The biosphere can be roughly divided into oceans, land, and atmosphere.

Water moves perpetually through each of these regions in the water cycle consisting of following transfer processes:

-evaporation from oceans and other water bodies into the air and transpiration from land plants and animals into air.
 -precipitation, from water vapor condensing from the air and falling to earth or ocean.
 -runoff from the land usually reaching the sea

Most water vapor over the oceans returns to the oceans, but winds carry water vapor over land at the same rate as runoff into the sea, about 36 Tt per year. Over land, evaporation and transpiration contribute another 71 Tt per year. Precipitation, at a rate of 107 Tt per year over land, has several forms: most commonly rain, snow, and hail, with some contribution from fog and dew. Condensed water in the air may also refract sunlight to produce rainbows.

Water runoff often collects over watersheds flowing into rivers. Some of this is diverted to irrigation for agriculture.
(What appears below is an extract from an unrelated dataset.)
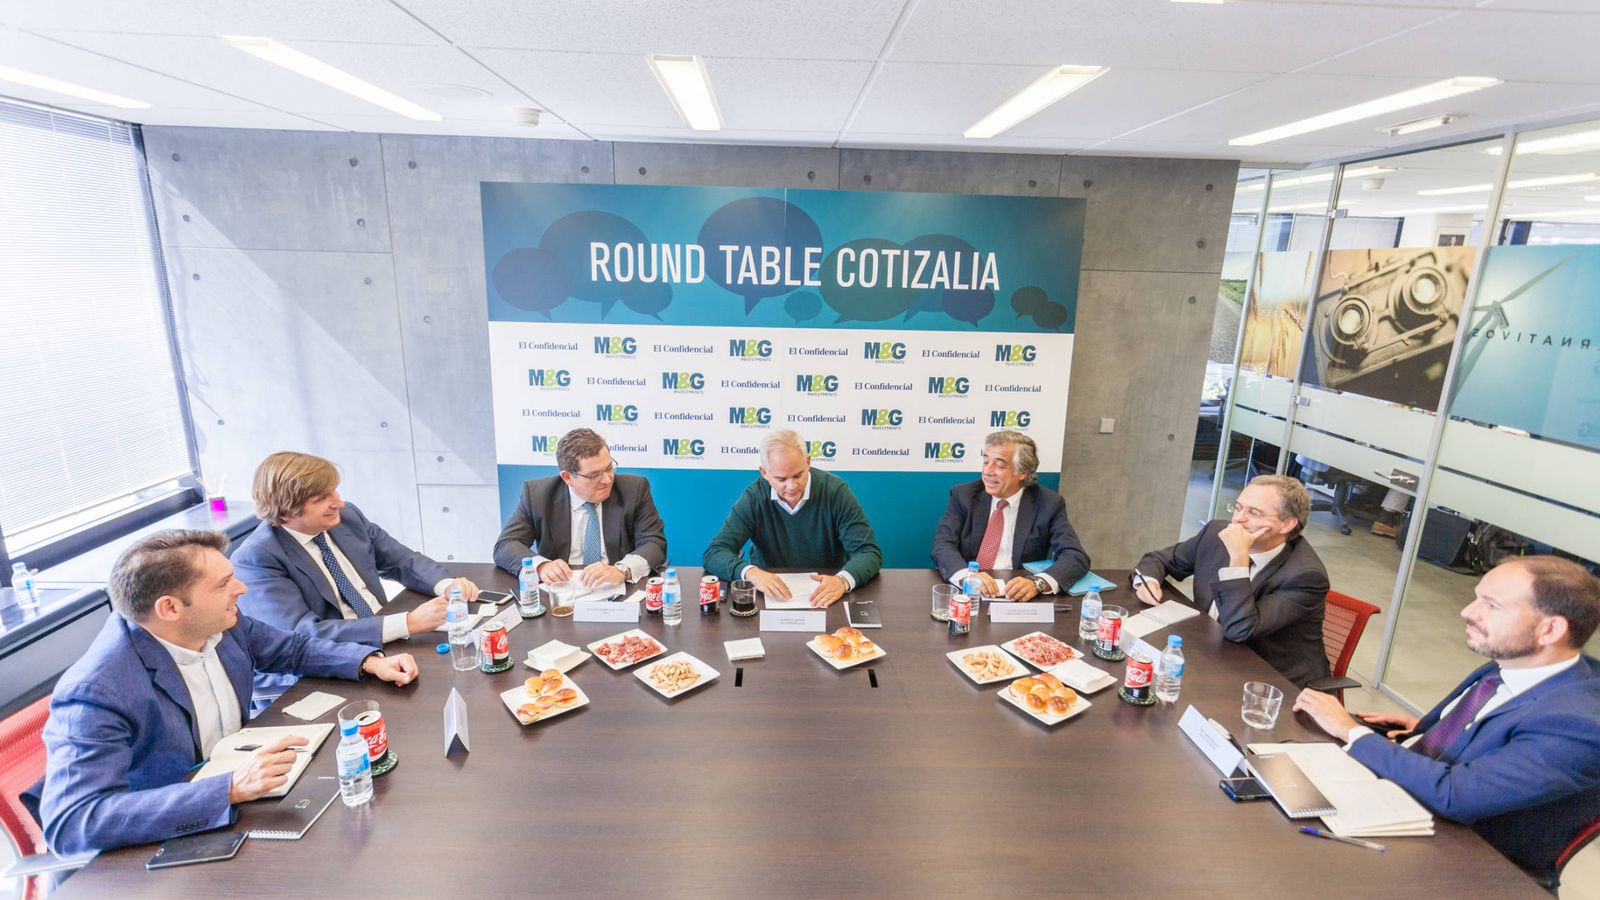 Foto: Imagen de los participantes de la XIV Round Table de Cotizalia con M&G Investments.

Rivers and seas offer opportunity for travel and commerce. Through erosion, runoff shapes the environment creating river valleys and deltas which provide rich soil and level ground for the establishment of population centers.

Water is considered a purifier in most religions. Major faiths that incorporate ritual washing (ablution) include Hinduism, Christianity, Islam, Judaism, and Shinto. Water baptism is a central sacrament of Christianity; it is also a part of the practice of other religions, including Judaism (mikvah) and Sikhism (Amrit Sanskar). In addition, a ritual bath in pure water is performed for the dead in many religions including Judaism and Islam. In Islam, the five daily prayers can be done in most cases after completing washing certain parts of the body using clean water (wudu). In Shinto, water is used in almost all rituals to cleanse a person or an area (e.g., in the ritual of misogi). Water is mentioned in the Bible 442 times in the New International Version and 363 times in the King James Version: 2 Peter 3:5(b) states, “The earth was formed out of water and by water” (NIV).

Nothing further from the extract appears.